Specialists must effectively share their knowledge to be effective. They must focus on what their partners need: When, how, and in what form.
The focus on contribution supplies the four basic requirements of effective human relations:
1. Communication
2. Teamwork
3. Self development
4. Development of others.
Managers should as their people: "What are the contributions for which the organization and I should hold you accountable? What should we expect of you? And what is the best utilization of your knowledge and your ability?"
Most people don't really know what their strengths are. The only way to find out is though feedback analysis: Whenever you make a decision or take a key action, write down what you expect will happen. Review this vs. the outcome 9-12 months later. You will be surprised.

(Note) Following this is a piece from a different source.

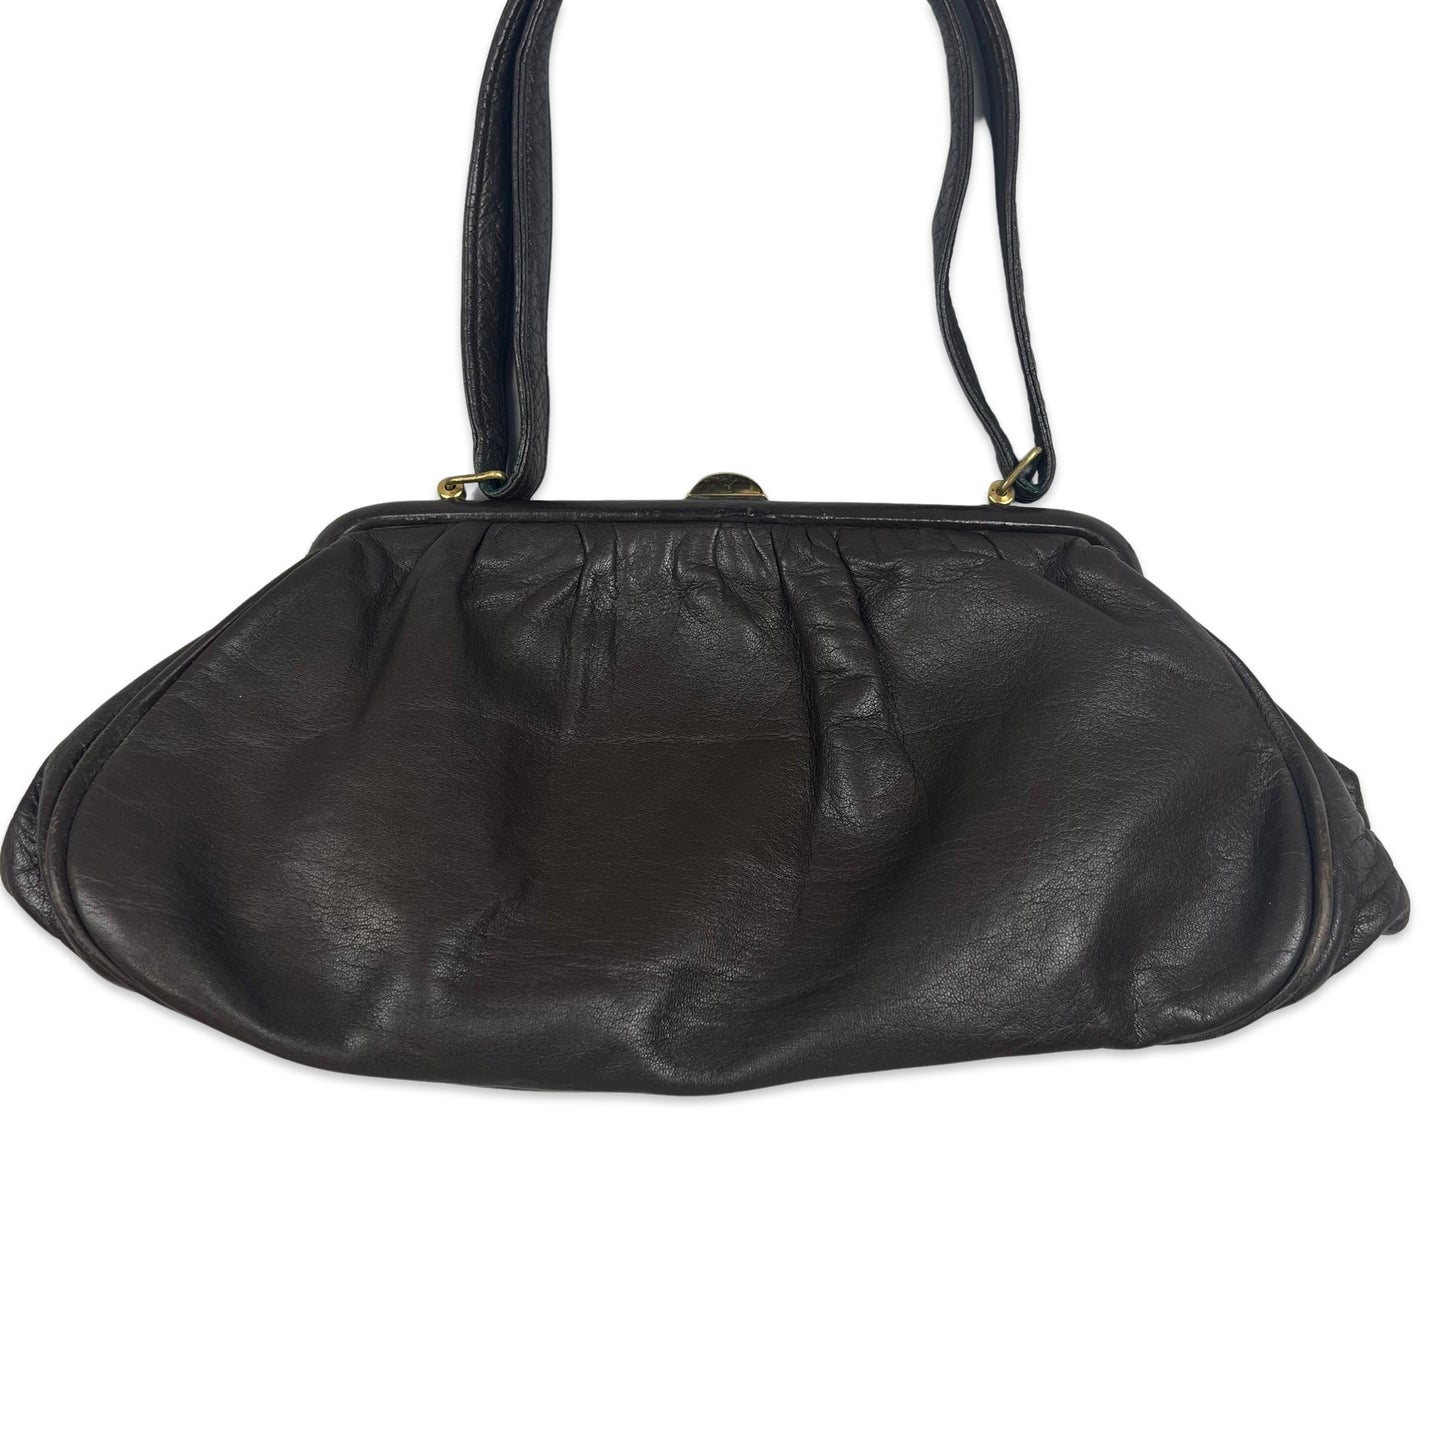 80s Vintage Baguette Leather Handbag Brown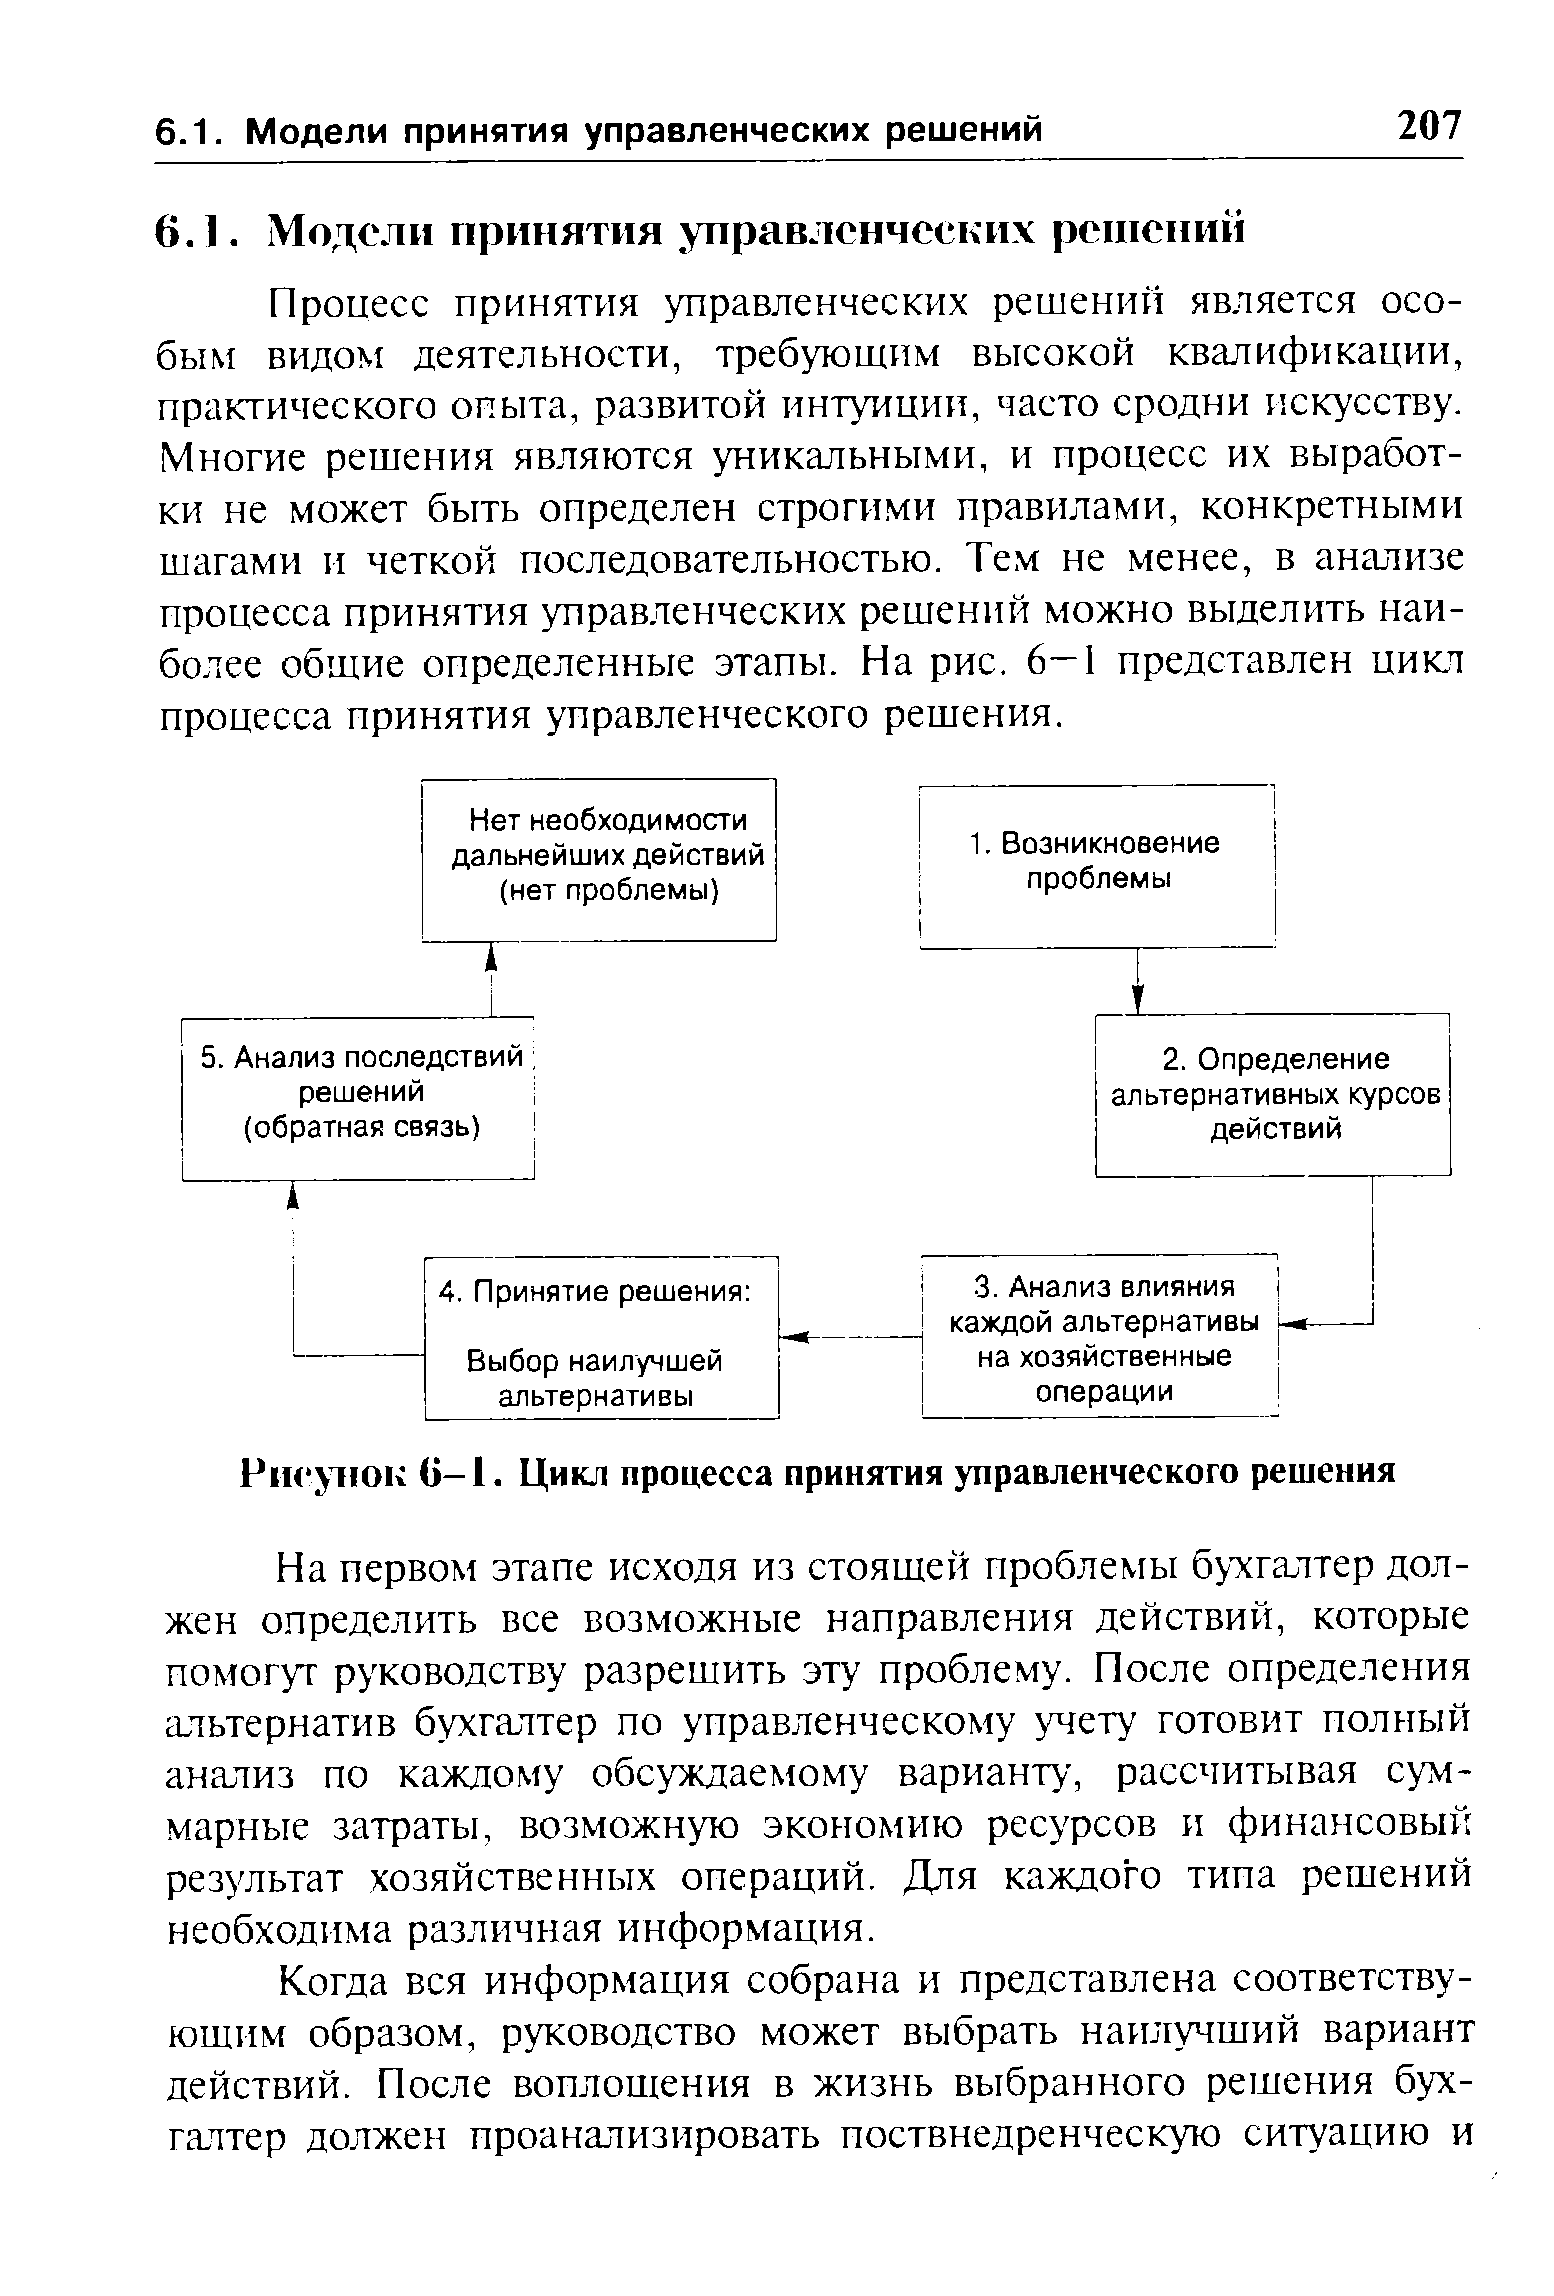 Рисунок G—1. Цикл процесса принятия управленческого решения

Study and understand how you perform:
1. How do you learn? Are you a listener or a reader?
2. Do you work well with people? In what role?
3. How do you perform under stress?
4. Do you work better in a large or small organization?
5. Are you a better advisor or decision maker?
A well-managed organization is a "dull" organization. Nothing "exciting" happens because the crises have been anticipated and have been converted into routine.
The elements of effective decision making are:
1. The realization that a decision is needed.
2. The definition of the specifications that the answer has to satisfy
3. The thinking through of what is "right", before considering necessary concessions
4. The building into the decision of the action to carry it out
5. The feedback test of the validity and effectiveness of the decision against the actual course of events.